Abstract: Suppose we observe a matrix of data with a low-rank “signal” obscured by noise. The standard way to find the signal, at least approximately, is PCA (principal component analysis): just look at the eigenvectors of the matrix. For Gaussian noise, random matrix theory tells us exactly how well this works: that is, the accuracy we can achieve as a function of the signal-to-noise ratio.
For tensors, such as three-index tables A_ijk, the situation is much more complex. Here there seems to be a “statistical-computational gap,” namely a regime where finding the signal is possible but exponentially hard. Physically, this corresponds to a “glass transition,” where the optimum becomes hidden behind an energy barrier. Mathematically, it means that we believe no polynomial-time algorithm exists, and that something like exhaustive search is necessary.

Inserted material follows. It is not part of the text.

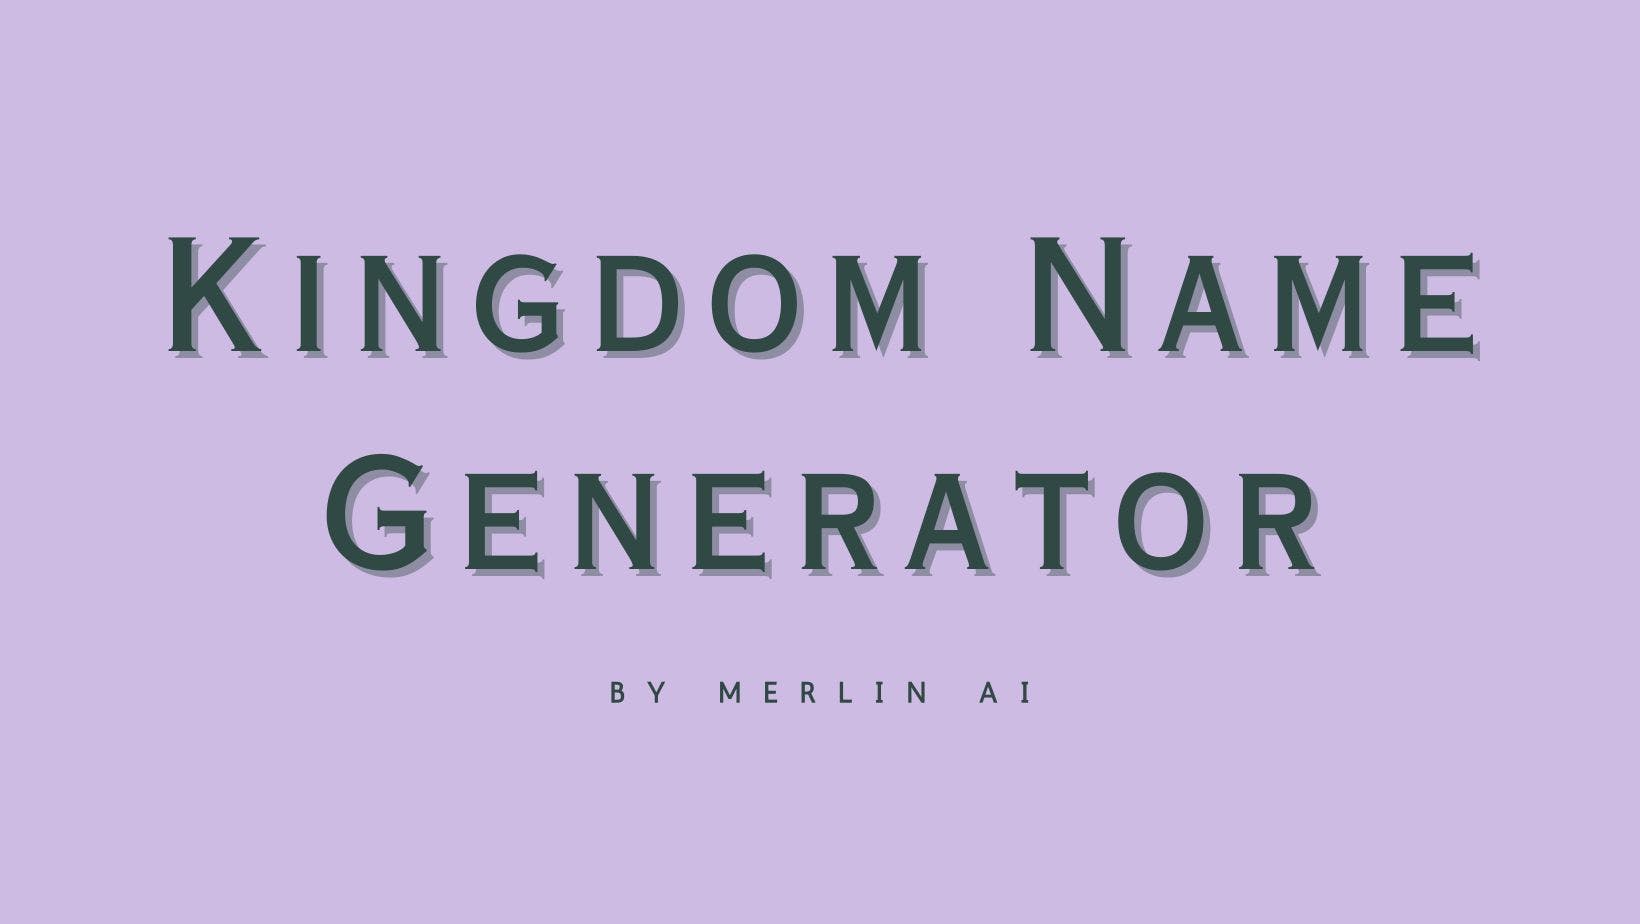 Cover Image for Générateur gratuit de noms de royaume par Merlin AI
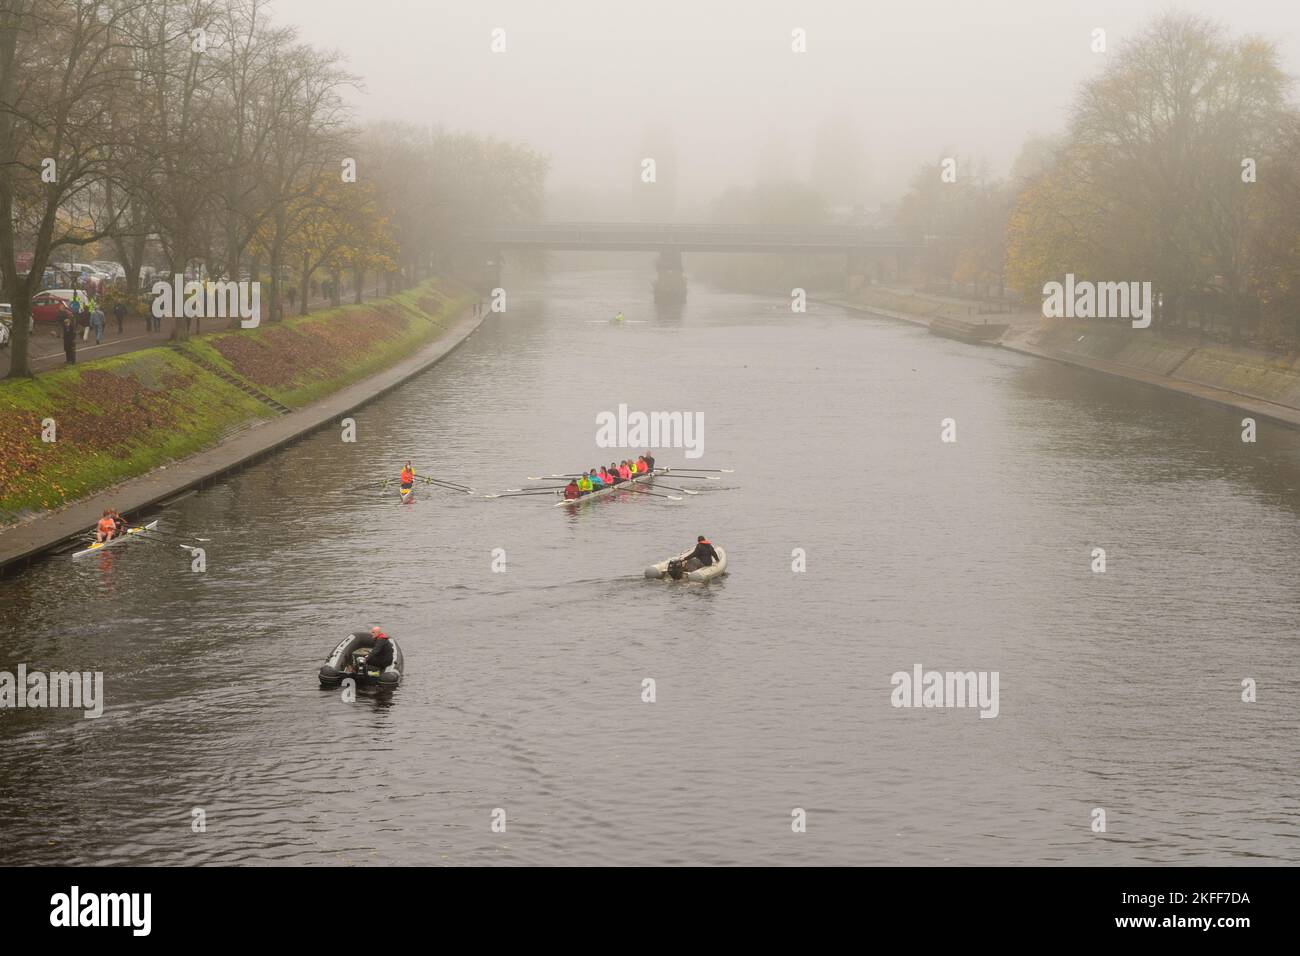 Équipe d'aviron sur la rivière Ouse, York, novembre brume et brouillard, Royaume-Uni Banque D'Images

I’ll give evidence for this exponential hardness by showing that no algorithm remotely similar to PCA can work: more precisely, no low-degree polynomial of the input can. Along the way, I’ll give an introduction to tensor networks — a generalization of matrix products and traces that everyone, including network theorists, should know about. If we’re really lucky I’ll mention free probability and free cumulants...
This is joint work with Tim Kunisky (Yale) and Alex Wein (UC Davis) and appeared in FOCS 2024.